> **The task**
Before you return the lines below, strip out any images and keep every word as written.

> **Source data**
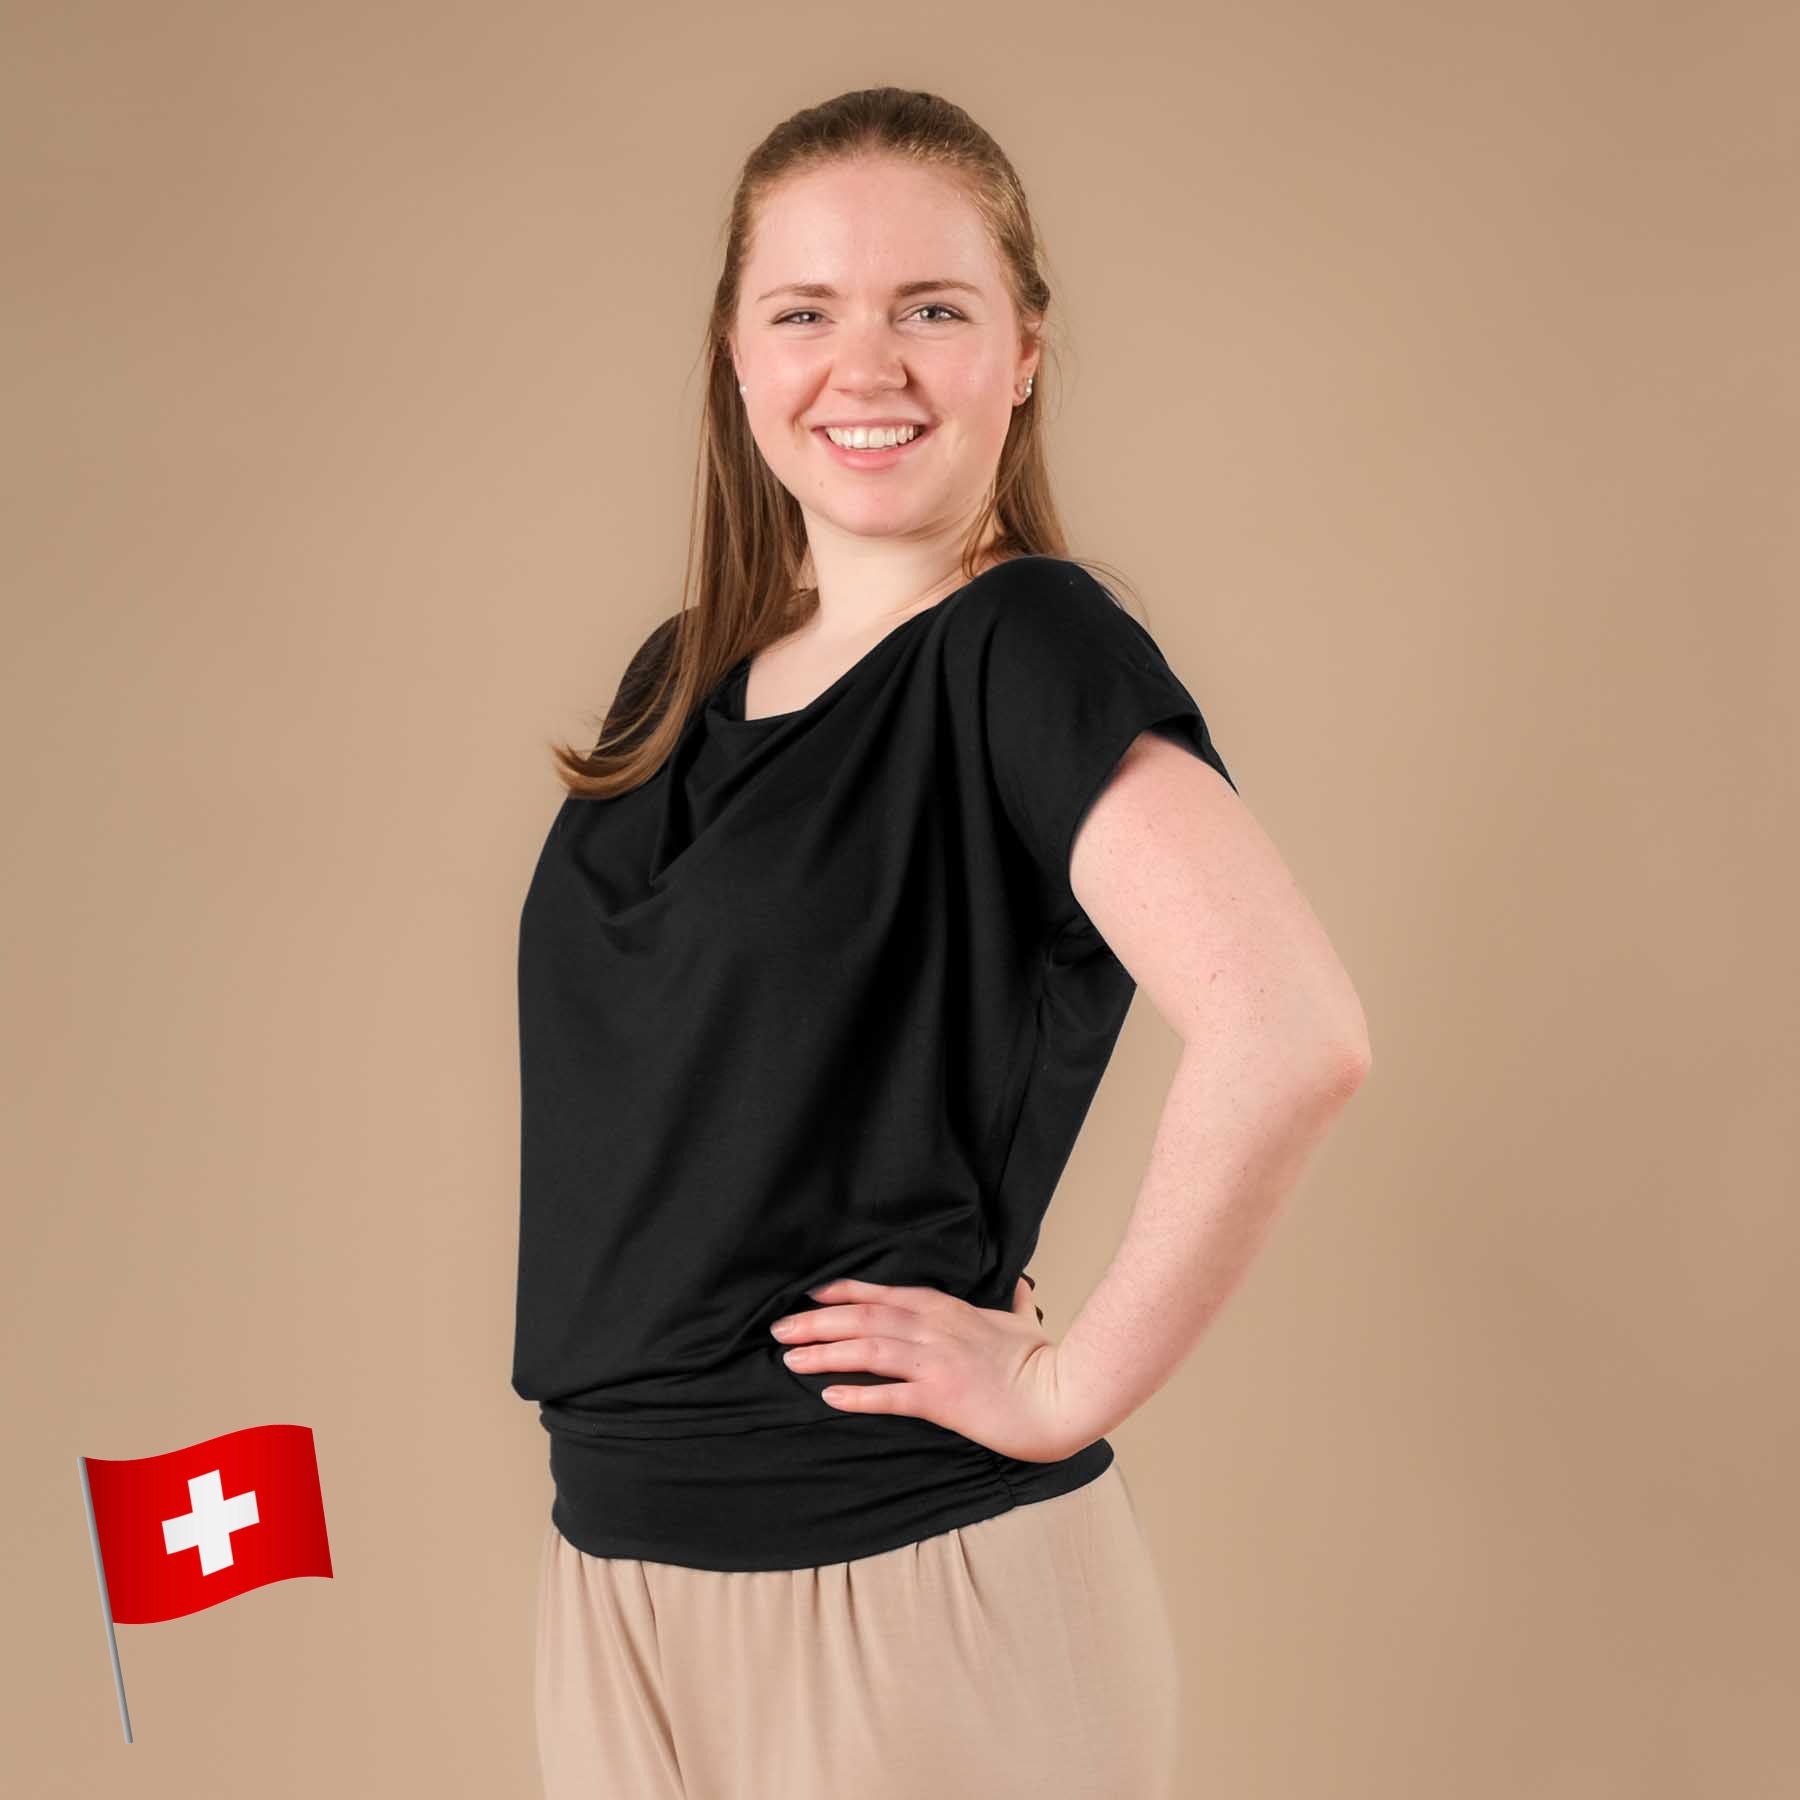 T-shirt de yoga cascade noir, tissu durable, super confortable, cousu en Suisse
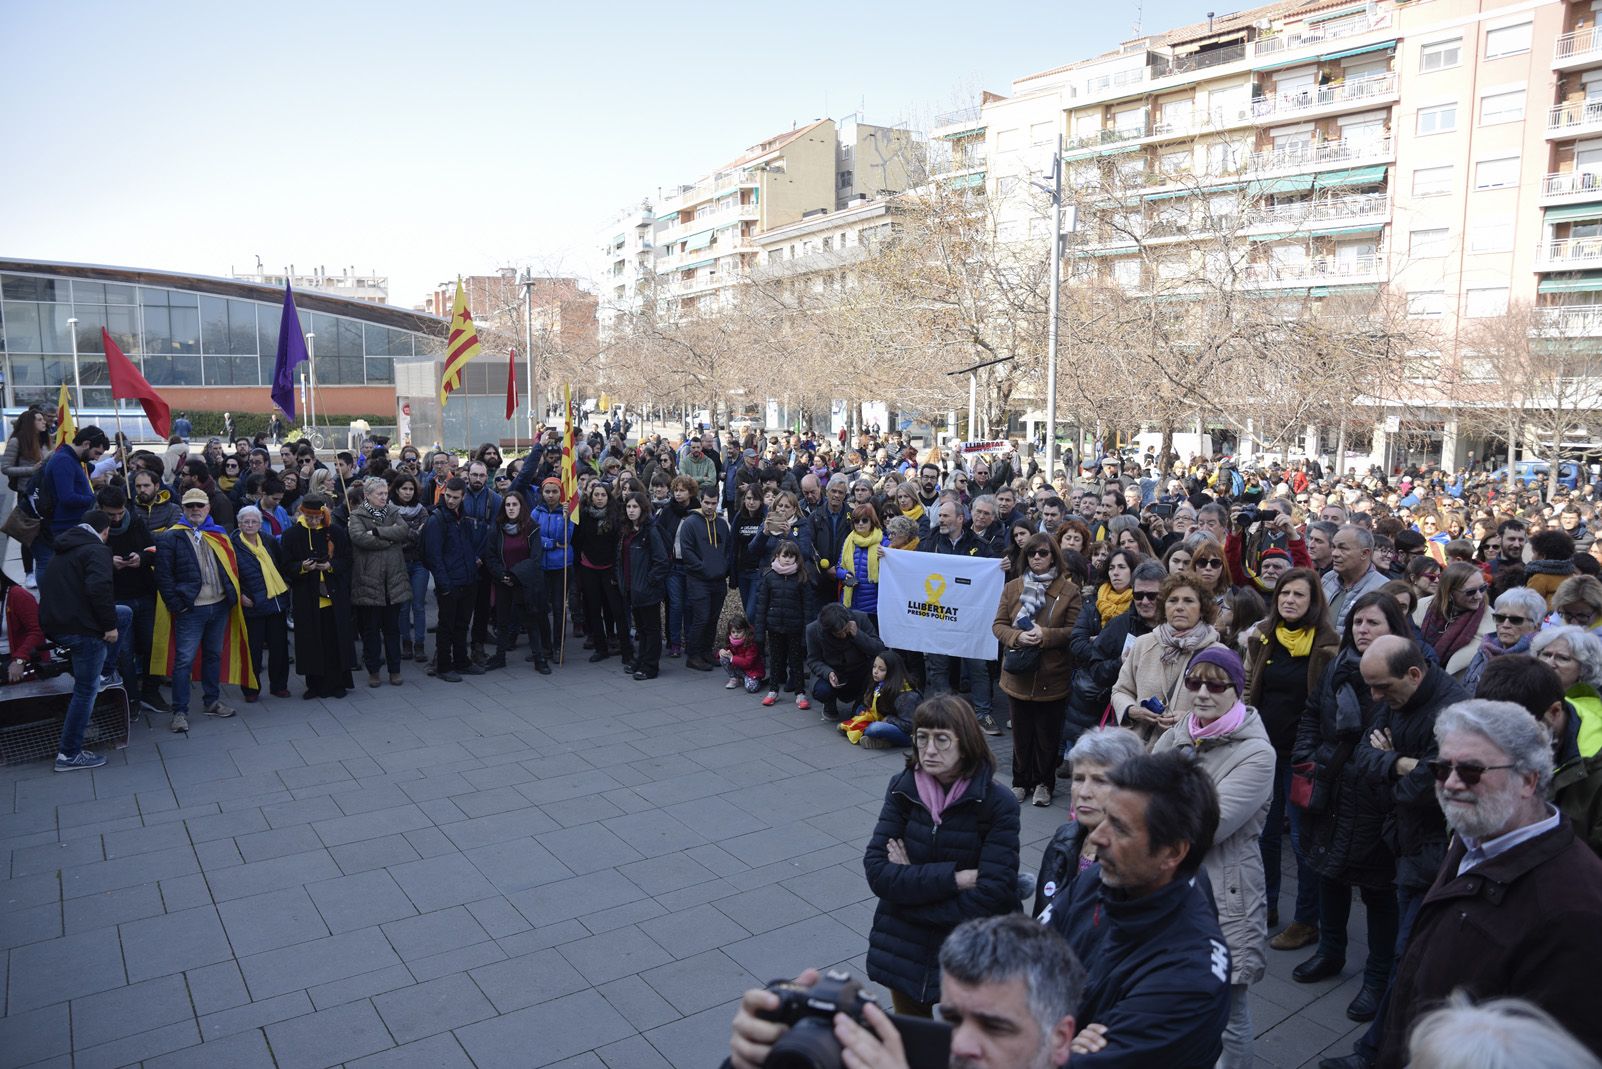 Manifestació vaga general del 21 de Febrer a Sant Cugat. Foto: Bernat Millet.
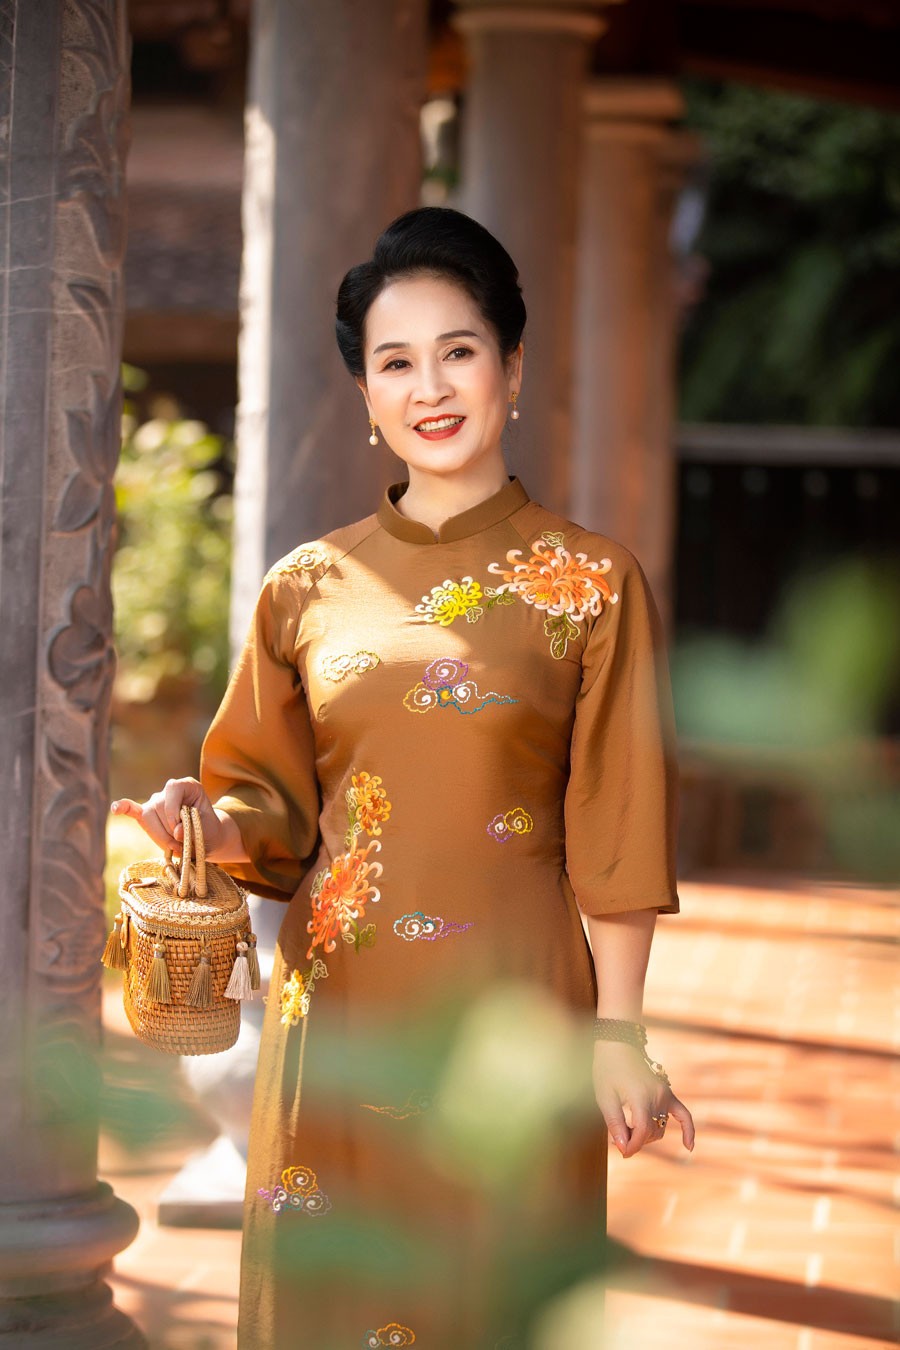 Dung nhan trẻ đẹp của NSND Lan Hương và NSƯT Chiều Xuân trong trang phục truyền thống đi lễ chùa
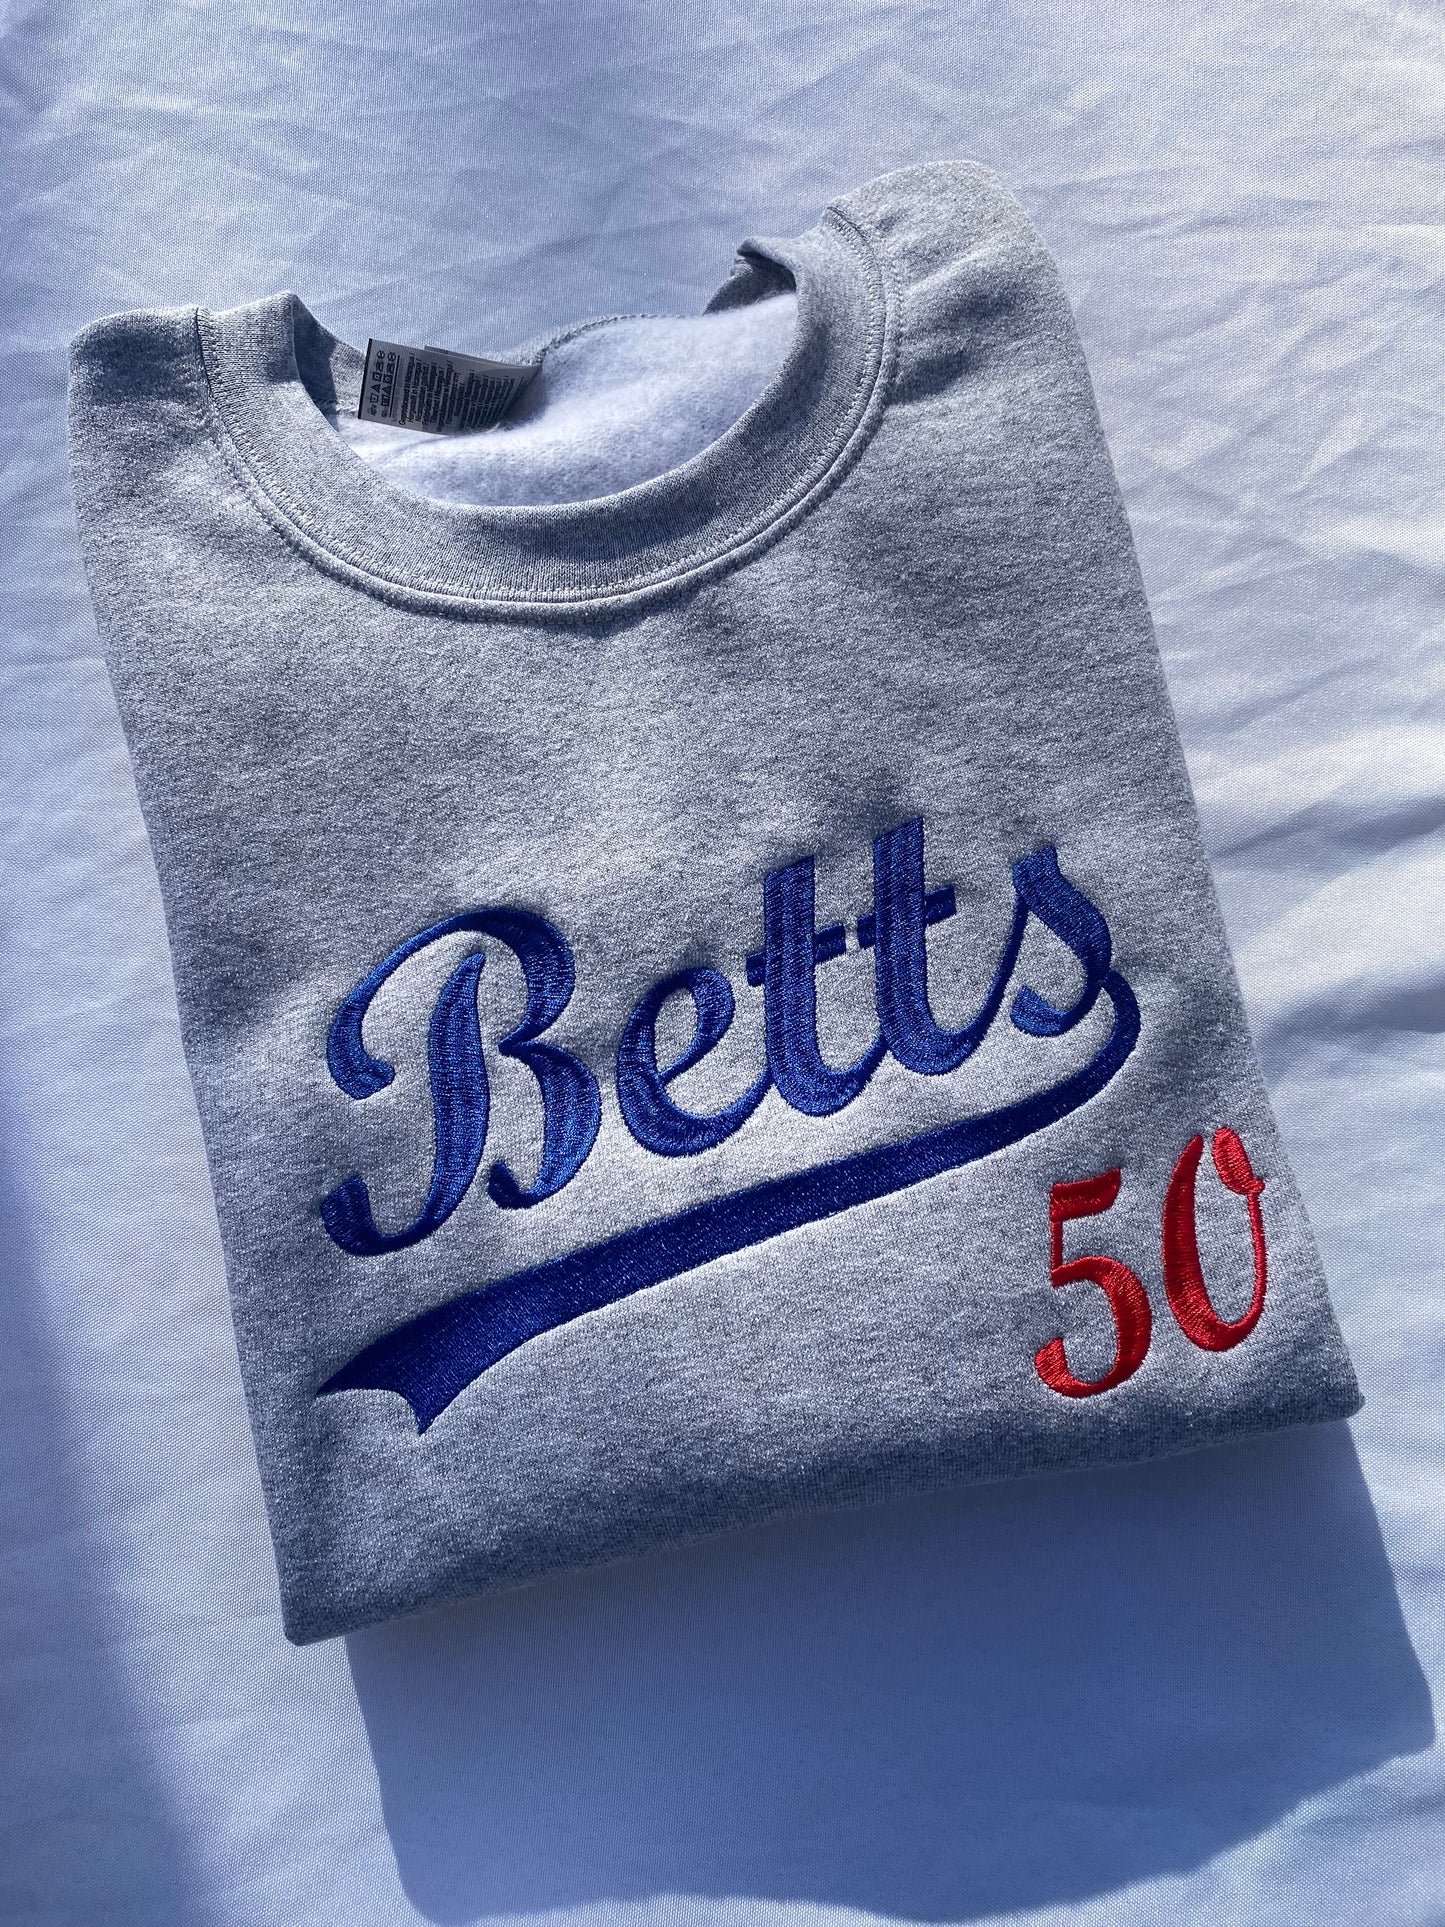 Betts embroidered sweatshirt

> **Written response**
 T-shirt de yoga cascade noir, tissu durable, super confortable, cousu en Suisse
 Manifestació vaga general del 21 de Febrer a Sant Cugat. Foto: Bernat Millet.
 Dung nhan trẻ đẹp của NSND Lan Hương và NSƯT Chiều Xuân trong trang phục truyền thống đi lễ chùa
 Betts embroidered sweatshirt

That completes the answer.